Zimbabve'nin düşük yağış miktarı eşi benzeri görülmemiş bir durum. Ülkenin ana enerji kaynağı olan Zambezi Nehri, dünyanın en büyük yapay gölü olan Kariba Barajı'ndaki hidroelektrik arzını söndürecek kadar alçaldı. Afet Azaltma ve Kurtarma için Küresel Tesis dogruluyor, "Mozambik, hava durumuyla ilgili birçok tehlikeye en çok maruz kalan Afrika ülkeleri arasında üçüncü sırada yer alıyor ve periyodik kasırgalardan, kuraklıklardan, sellerden ve ilgili salgın hastalıklardan muzdarip."

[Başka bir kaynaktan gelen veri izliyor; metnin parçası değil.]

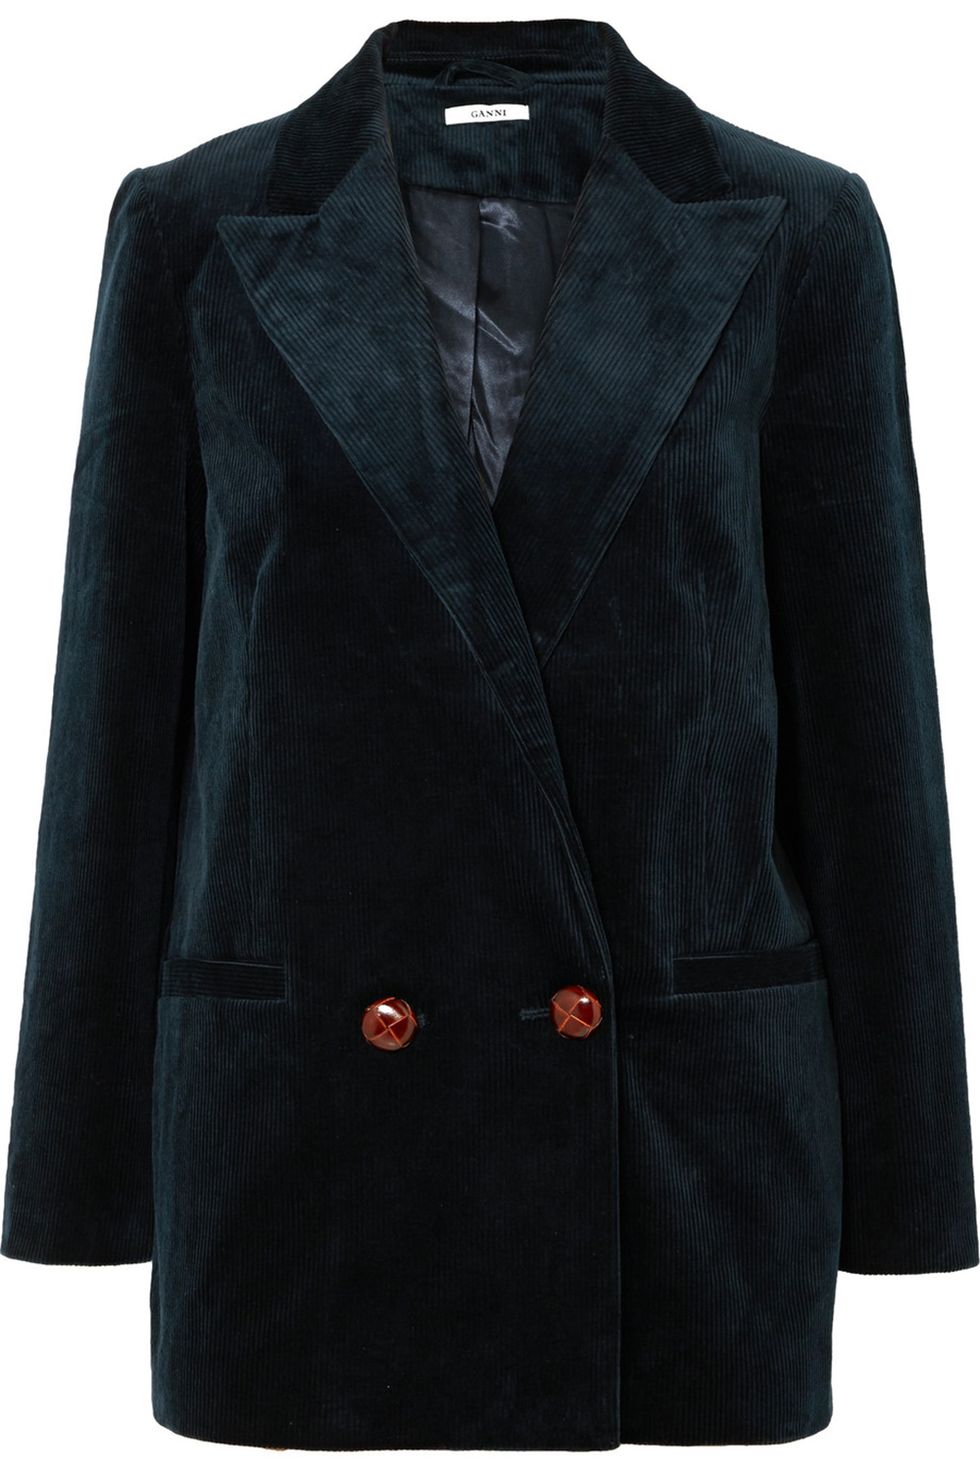 Clothing, Outerwear, Black, Jacket, Sleeve, Coat, Overcoat, Blazer, Collar, Suit,

Idai Kasırgası ile iklim değişikliği arasındaki bağlantılar burada toplumsal vicdana sahip olanlar tarafından kabul edildi. Güney Afrika hükümeti esas olarak silahlı kuvvetlerini ve teknisyenlerini, Zambezi Nehri üzerindeki Cahorra Bassa mega barajından Mozambik'ten gelen ana elektrik tedarikini yeniden sağlamak için direklerin yeniden inşasına yardım etmek üzere gönderdi. Güney Afrika, 1 MW'tan fazla arzın kesintiye uğraması nedeniyle Idai'nin vurduğu hafta büyük bir kesinti yaşadı. Mozambiklilere yardım eden ana kurum, ünlü bir Güney Afrika hayır kurumuydu. Verenlerin Hediyesidünya çapında yardım desteği sağlayan bir kuruluştur.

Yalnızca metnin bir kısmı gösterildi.